There’s still much work to be done on this project, but I’m happy that we’ve nearly finished the data loading and merging portion of this data processing pipeline, as it’s easily the most involved part. I imagine the remaining portions will be much easier to implement. Please let me know if you would like to contribute to this project!

Parkinson’s Insight Engine (PIE) - Project Summary

Overview

The Parkinson’s Insight Engine (PIE) is a Python framework designed to load, process, and integrate data from the Parkinson’s Progression Markers Initiative (PPMI) dataset.

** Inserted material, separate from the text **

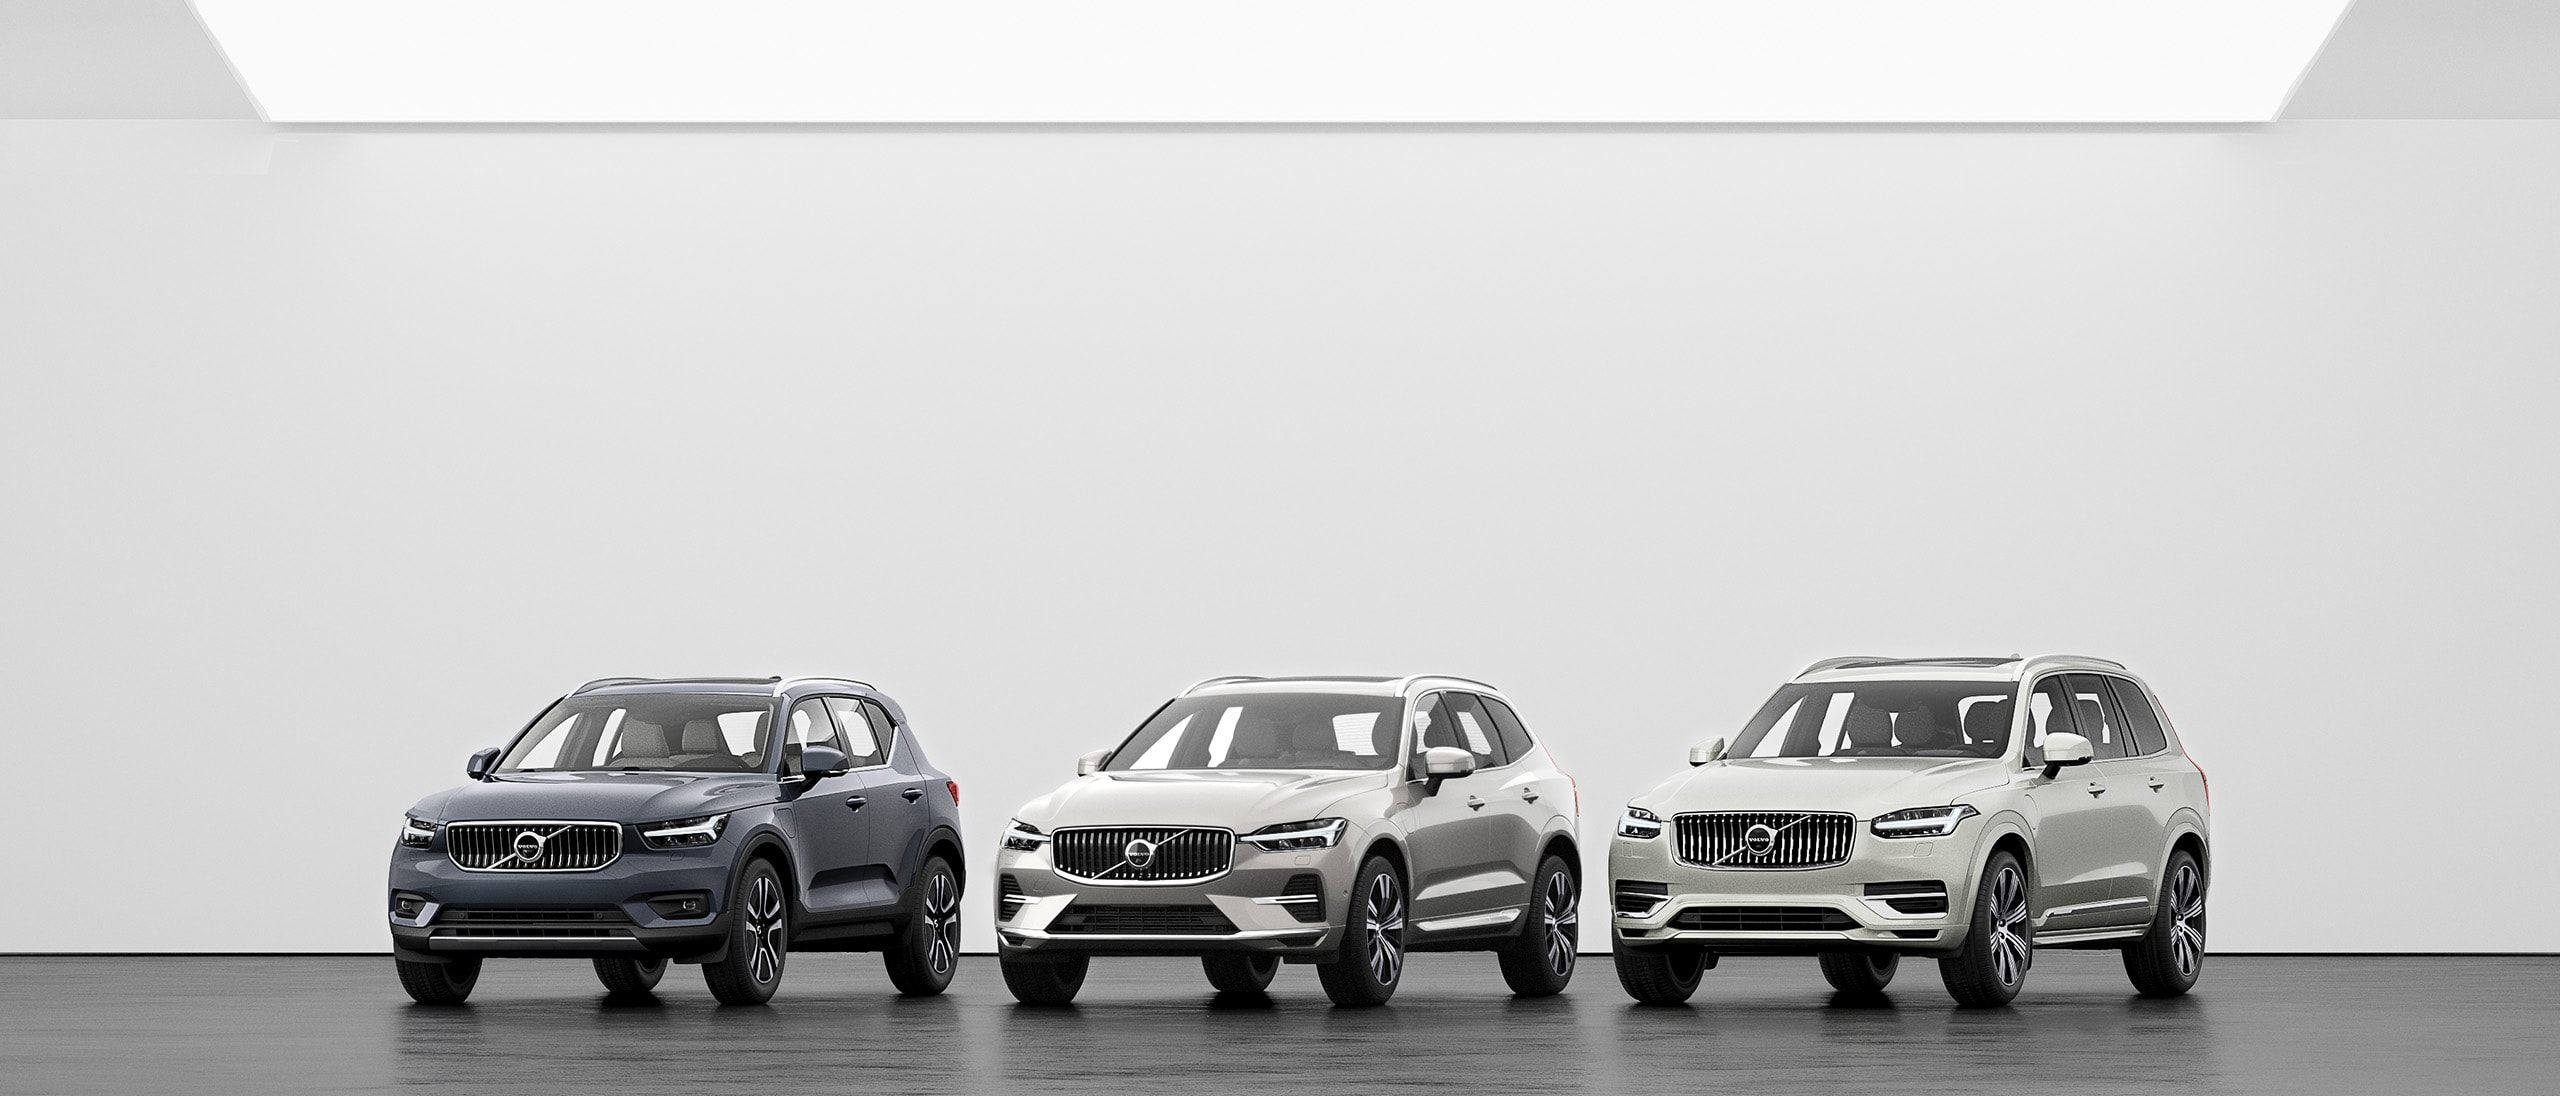 A lineup of Volvo SUVs, XC40, XC60 and XC90 on a grey floor.

The framework provides a modular, extensible architecture for working with the diverse data types in the PPMI dataset, including clinical assessments, biospecimens, imaging, and more.

Key Components

1. Data Loader System

The core of the framework is a unified data loading system that:

  • Provides a consistent interface for accessing all PPMI data types
  • Allows selective loading of specific data modalities
  • Handles directory structure and file format variations
  • Implemented robust error handling and logging

The main entry point is the DataLoader class in data_loader.py, which coordinates loading from various specialized loaders.

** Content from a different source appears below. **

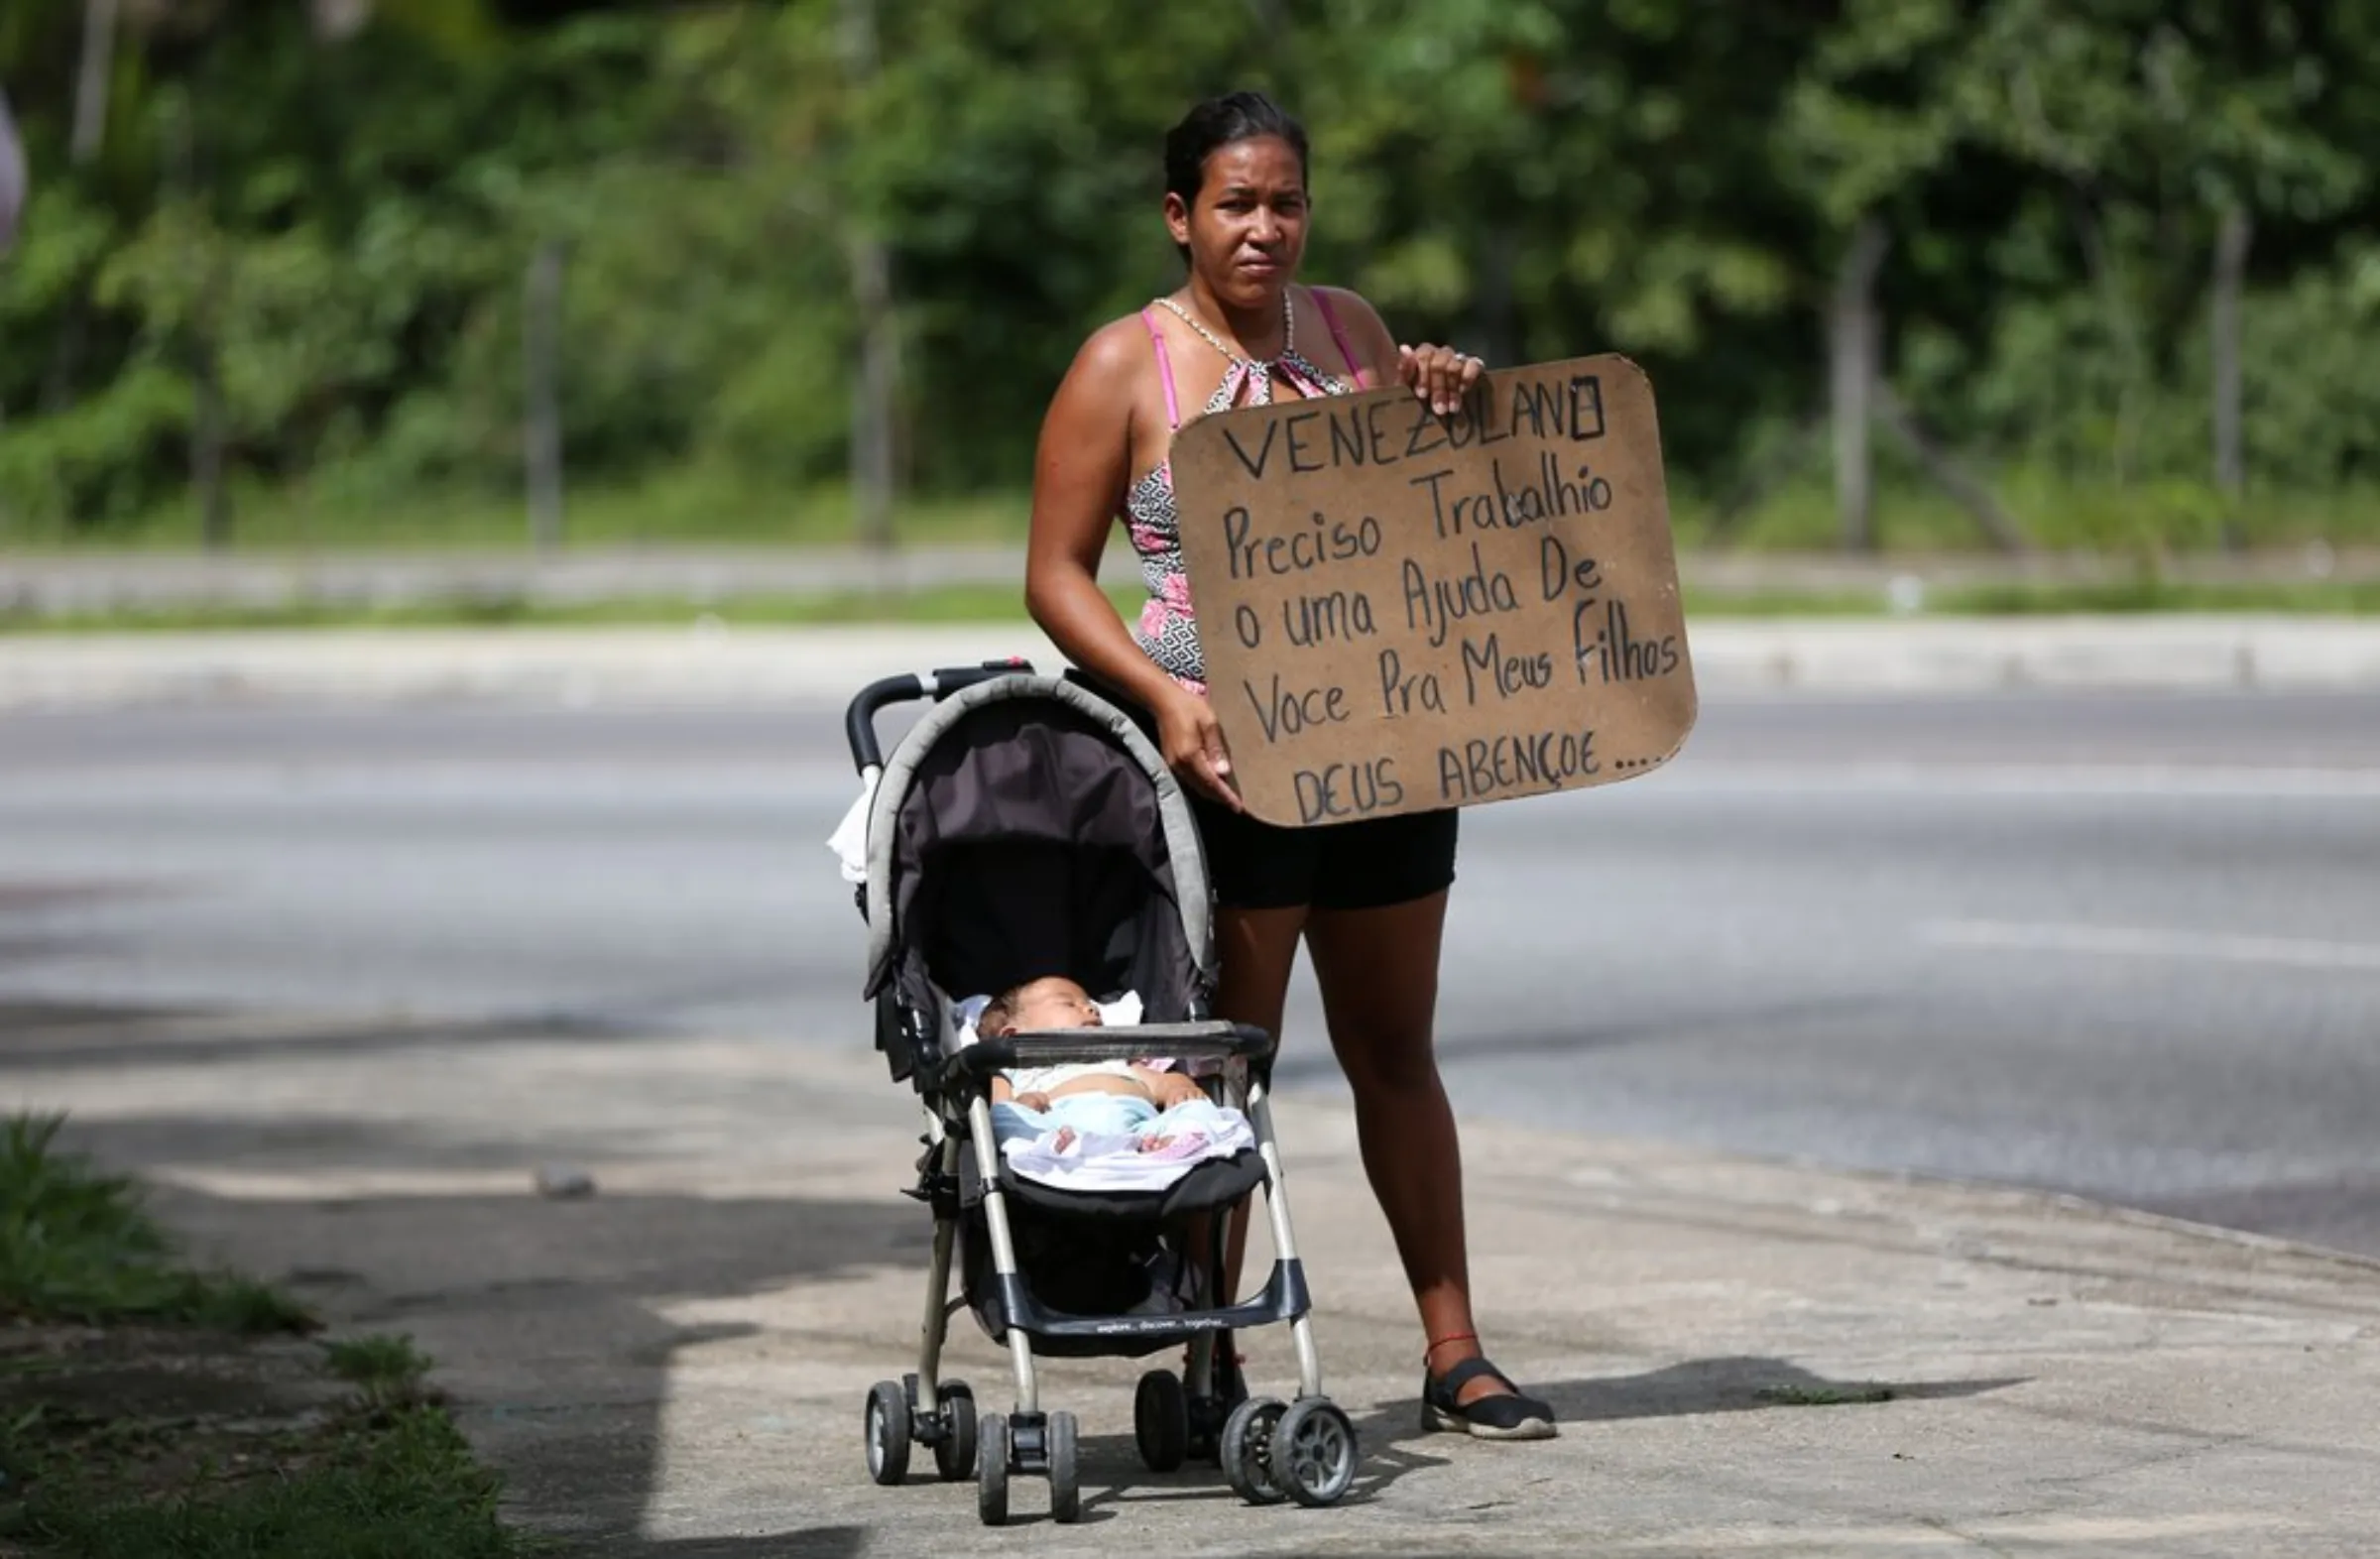 Venezuelan Liorkis Marke, 35, poses as she shows a cardboard that reads 'Venezuelan needs work or help for my children. God bless you' in Manaus, Brazil January 14, 2019

2. Specialized Data Loaders

The framework includes specialized loaders for different data modalities:

  • Subject Characteristics (sub_char_loader.py): Loads demographic and baseline data

  • Medical History (med_hist_loader.py): Loads medical history tables as separate dataframes

  • Motor Assessments (motor_loader.py): Loads and merges MDS-UPDRS and other motor assessment data

  • Non-Motor Assessments (non_motor_loader.py): Loads cognitive, psychiatric, and other non-motor assessments

  • Biospecimen Data (biospecimen_loader.py): Loads proteomics, metabolomics, and other biomarker data

Each loader handles the specific nuances of its data type, including:

  • Finding and filtering relevant files
  • Transforming data into analysis-ready formats
  • Merging related tables when appropriate
  • Handling duplicates and inconsistencies

3. Data Processing Features

The loaders implement several sophisticated data processing techniques:

  • Smart Merging: Merges on [PATNO, EVENT_ID] when both are available, or just PATNO when necessary
  • Column Deduplication: Intelligently combines duplicate columns that appear during merges
  • Data Pivoting: Transforms long-format data (e.g., test name/value pairs) into wide-format (one column per test)
  • Consistent Naming: Standardizes column names and adds prefixes to prevent collisions

4. Logging and Diagnostics

The framework includes comprehensive logging to track:

  • Files being processed
  • Data transformation steps
  • Warnings about missing or problematic data
  • Summary statistics of loaded data

Current Implementation Status

So far, we have implemented:

  1. Core Framework:
  • Unified DataLoader class with modality selection

  • Consistent error handling and logging patterns

  • Support for different directory structures

  • Completed Loaders:

  • Subject characteristics loader

  • Medical history loader

  • Motor assessments loader

  • Non-motor assessments loader

  • Initial biospecimen loader (Project 151 pQTL data). I’m currently working on this loader.

  • Data Processing:

  • Column deduplication logic

  • Suffix sanitization for merged dataframes

  • Pivot table transformations for test/value pairs

Next Steps

Planned enhancements include:

  • Additional Biospecimen Loaders: Implement loaders for remaining biospecimen data types
  • Imaging Data Support: Add loaders for MRI, DaTscan, and other imaging modalities. Integrate the MATLAB/shell script code @AmgadDroby and his team have written into this Python framework
  • Wearables Data: Implement loaders for accelerometer and other sensor data
  • Data Validation: Add validation checks to ensure data quality
  • Data Preprocessing: Develop standardized preprocessing pipelines
  • Feature Extraction, Feature Selection, Classification/Regression, Data Visualization
  • Documentation: Create comprehensive documentation and usage examples
7 Likes

This initiative seems great, @cameronreidhamilton! During all my analyses using this data, indeed, this part of data cleaning, harmonization and integration took me quite some time, so having a tool that does this for me will be invaluable for all future analyses. Do you have an expected release date for this tool so that I can see this in action?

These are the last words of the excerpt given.